I love a Jack Russell. I've always been a big dog guy, but wen I met my wife she had a JR pup and I quickly learned they are big dogs in little bodies. Lizzie would swim across a pond chasing a tennis ball and durn near keep up with my lab. She was also a bed hog, as it seems with Jackie.

Reactions: Agree 1


----------



## ripjack13 (Mar 23, 2014)

I like it. I really like the hand chased threads. That is neat.

Reactions: Thank You! 1


----------



## NYWoodturner (Mar 23, 2014)

Beautiful urn David. Nice job on the threads. The form is spot on too. Jackie looks very content on your pillow! Gail's Jack Russell Terrorist does the same thing when I get out of bed. He's often there waiting when the alarm goes off

Reactions: Like 3 | Agree 1


----------



## manbuckwal (Mar 24, 2014)

That's truly a work of art Doc !!! We too have a JR, my wife's dog .

Reactions: Thank You! 1


----------



## bench1holio (Mar 24, 2014)

That's a really cool piece doc, a very worthy final resting place.
what are you using to chase the threads?

Reactions: Thank You! 1


----------



## woodtickgreg (Mar 24, 2014)

A lot of love is in that piece. It's easier to do that now then when the time comes, that's always hard.

Reactions: Thank You! 1 | Agree 1 | Sincere 1


----------



## Terry Summerville (Mar 24, 2014)

Nice! I've been looking for wood to make an urn for our rottie we lost last October. I have the African blackwood for the final..just need to find the rest of it now.

Reactions: Thank You! 1


----------



## lonewolf (Mar 24, 2014)

great job i cant think of a more honorable use of such beautiful wood .

Reactions: Thank You! 1


----------



## DKMD (Mar 24, 2014)

bench1holio said:


> ...what are you using to chase the threads?



I've got the Sorby 20tpi set of hand chasers.


----------



## barry richardson (Mar 24, 2014)

Beautiful urn, love the wood. How old is Jackie? (the dog)

Reactions: Thank You! 1


----------



## DKMD (Mar 24, 2014)

barry richardson said:


> Beautiful urn, love the wood.

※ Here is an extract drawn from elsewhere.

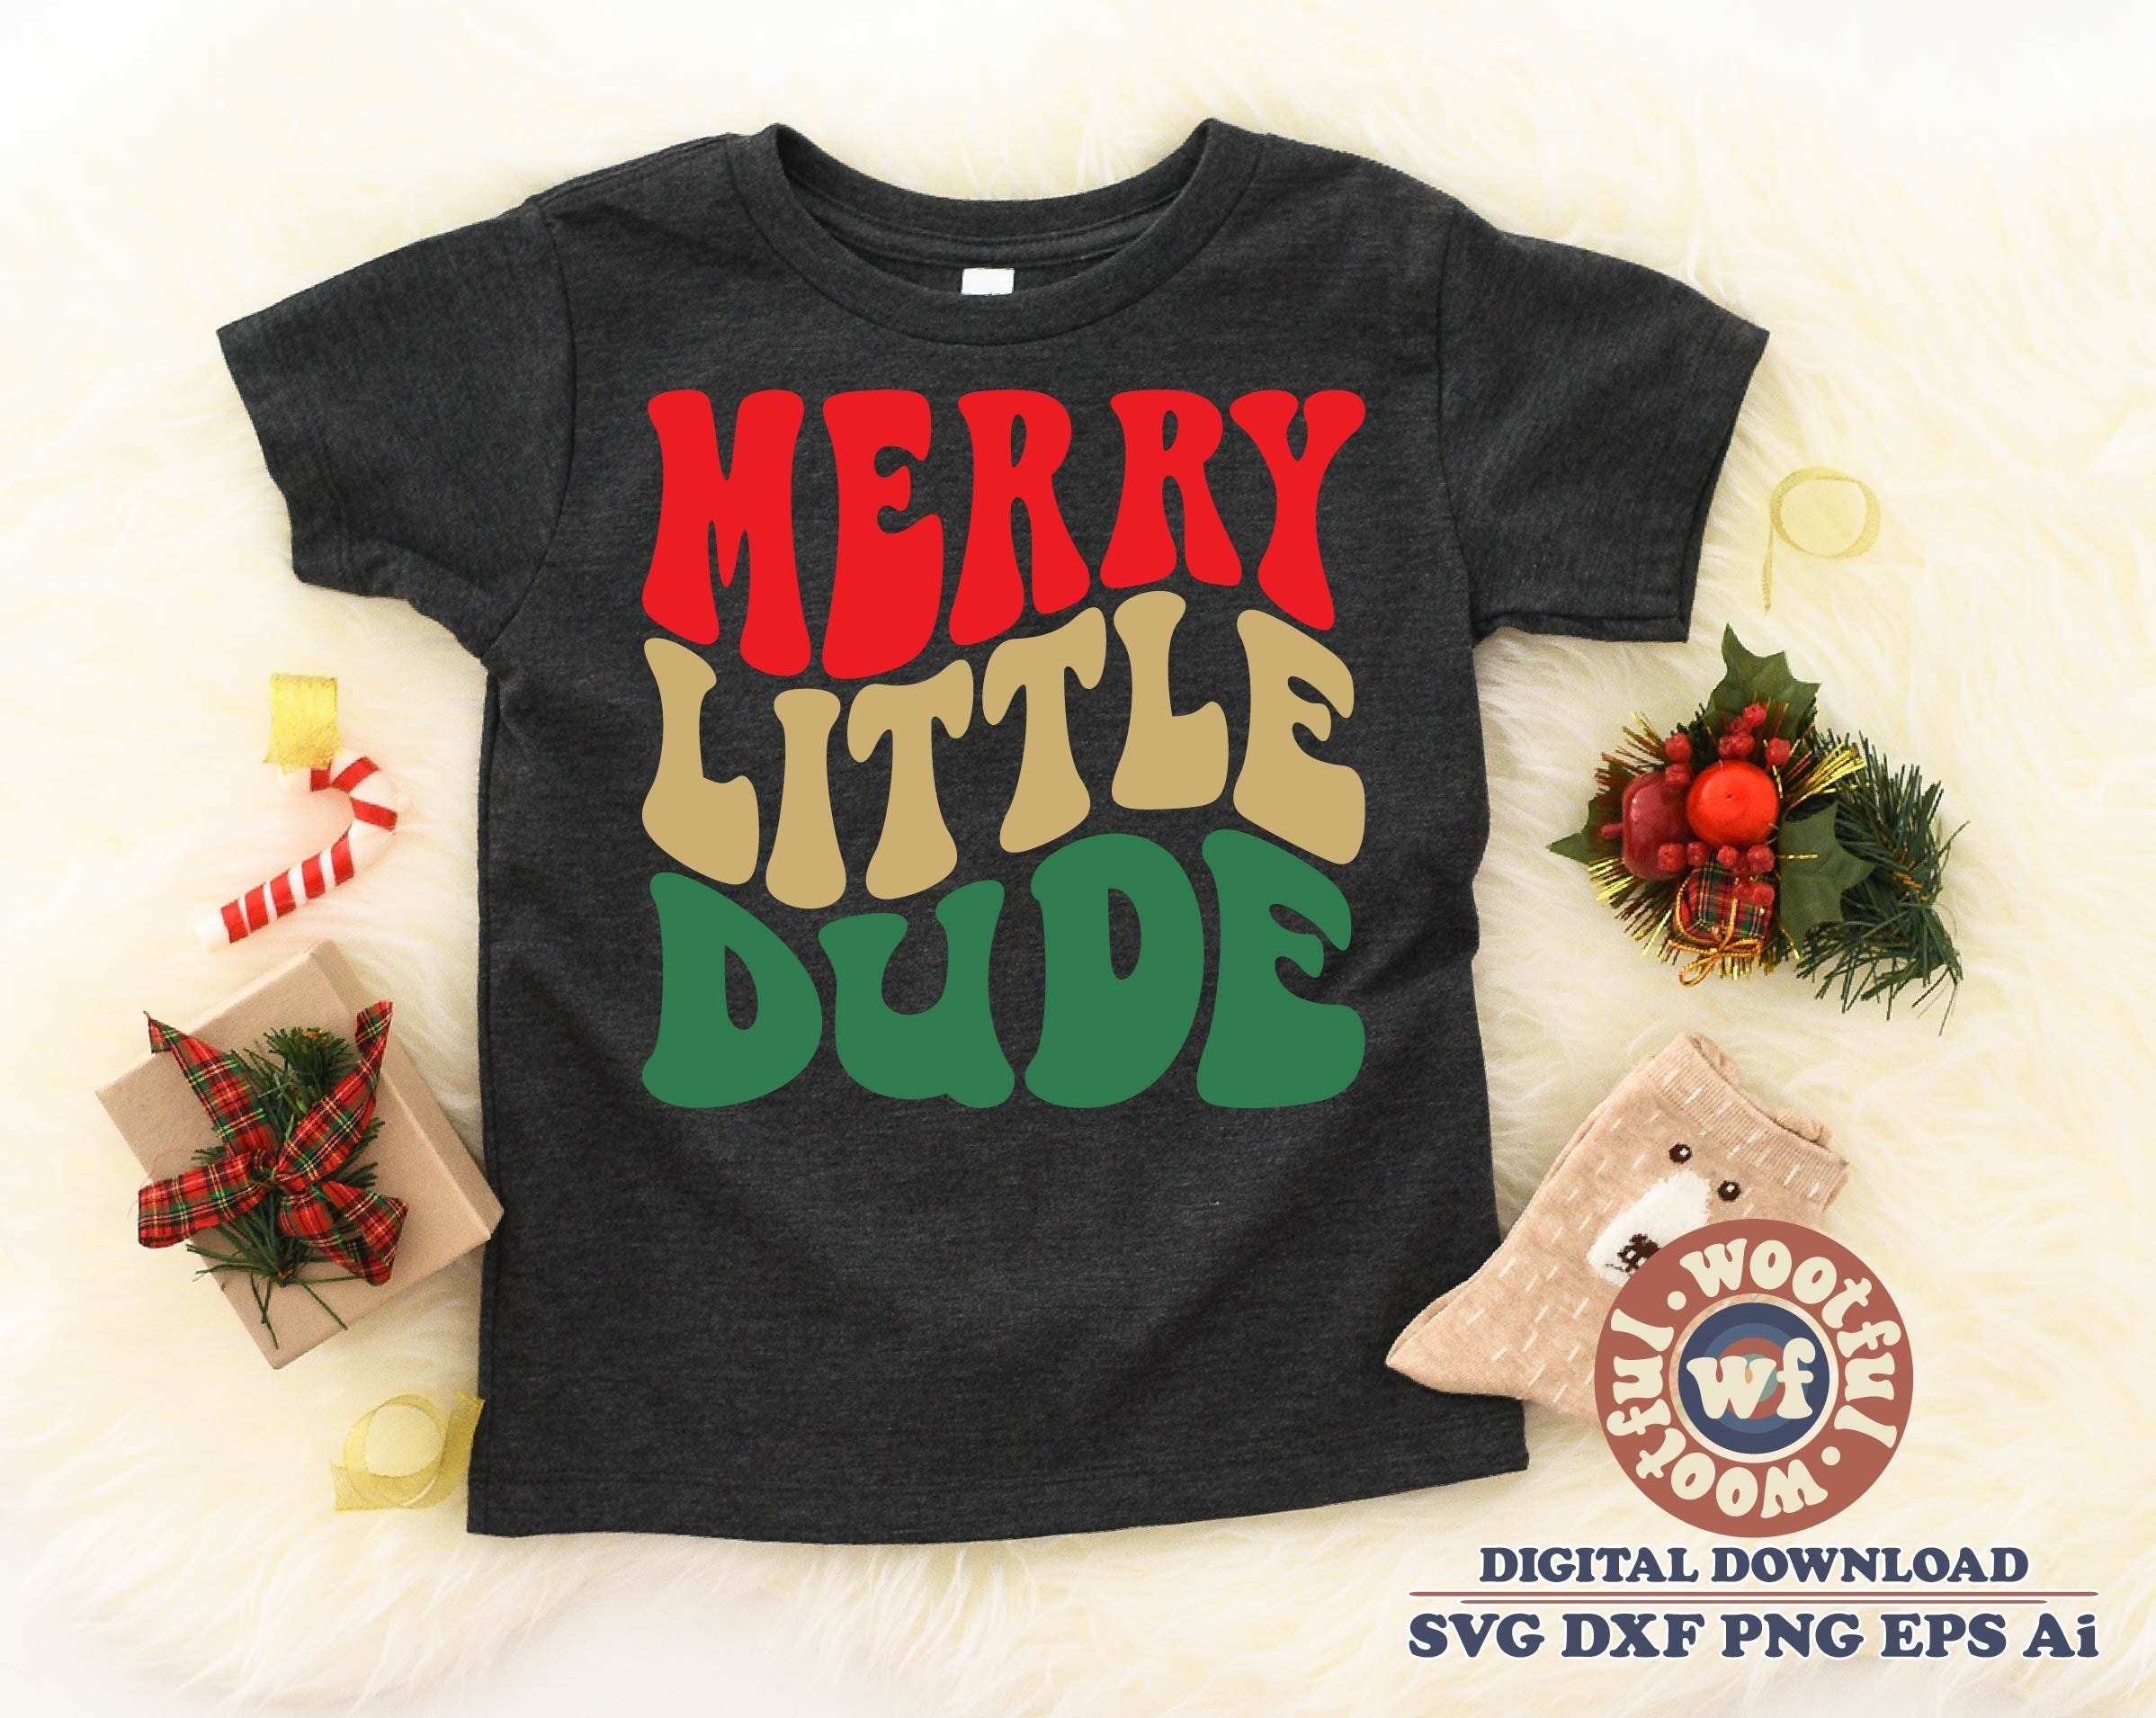 Merry Little Dude svg, Merry and Bright svg, Merry Christmas svg, Winter svg, Wavy Letters svg, Svg Dxf Eps Ai Png Silhouette Cricut

How old is Jackie? (the dog)



I think she's 17 now


----------



## ironman123 (Mar 24, 2014)

It has all been said above my friend. Beautiful companion and a wonderful gift of love for her to rest in to eternity when her time is up here.

Ray

Reactions: Thank You! 1 | Agree 1


----------



## Johnturner (Mar 24, 2014)

Lovely urn for a lovely companion.

Reactions: Thank You! 1


----------



## Treecycle Hardwoods (Mar 25, 2014)

Nice piece of work Doc!! Sorry to hear the end is nearing for your pup. There is a pic circulating on FB that says something to the effect that even though your pet is around for only a part of your life YOU are their entire life. Some pet owners aren't dedicated to their pets in such a way your love for her is clearly reflective in that piece!

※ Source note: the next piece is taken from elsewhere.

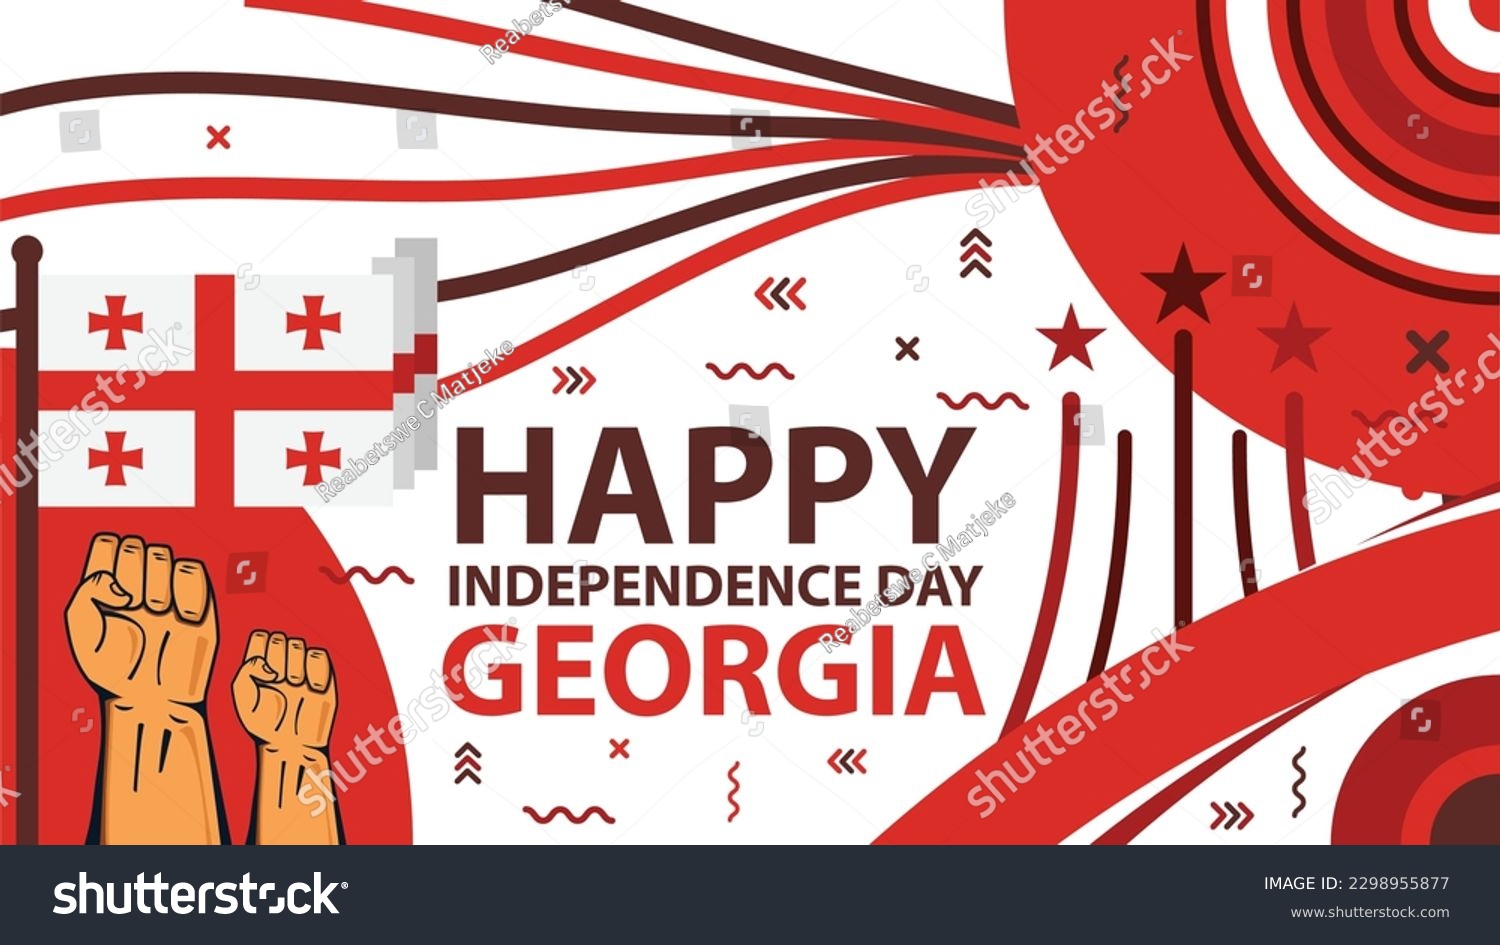 SVG of Happy Independence Day Georgia vector banner design with geometric retro shapes, Georgia flag, red color pallet and typography. Georgia Independence Day modern simple poster illustration. 26 May. svg

Reactions: Thank You! 1 | Agree 2 | Sincere 1


----------



## Tclem (Mar 25, 2014)

Beautiful job But hate to hear about losing a companion.

Reactions: Thank You! 1


----------



## Graybeard (Mar 26, 2014)

Beautiful urn and a nice little pup. Love the mother in law story. Who can't enjoy poking a little fun now and again. We lost our lab last summer and miss her a great deal. All the best.

Graybeard


----------



## Johnturner (Mar 26, 2014)

Doc

How did you determine the size of your urn?
Sorry it had to be built at all - but it is a fitting tribute.
John


----------



## NYWoodturner (Mar 26, 2014)

Johnturner said:


> Doc
> 
> How did you determine the size of your urn?
> Sorry it had to be built at all - but it is a fitting tribute.
> John


John - A cubic inch per pound is standard. Its usually generous for pets.

Reactions: Like 1


----------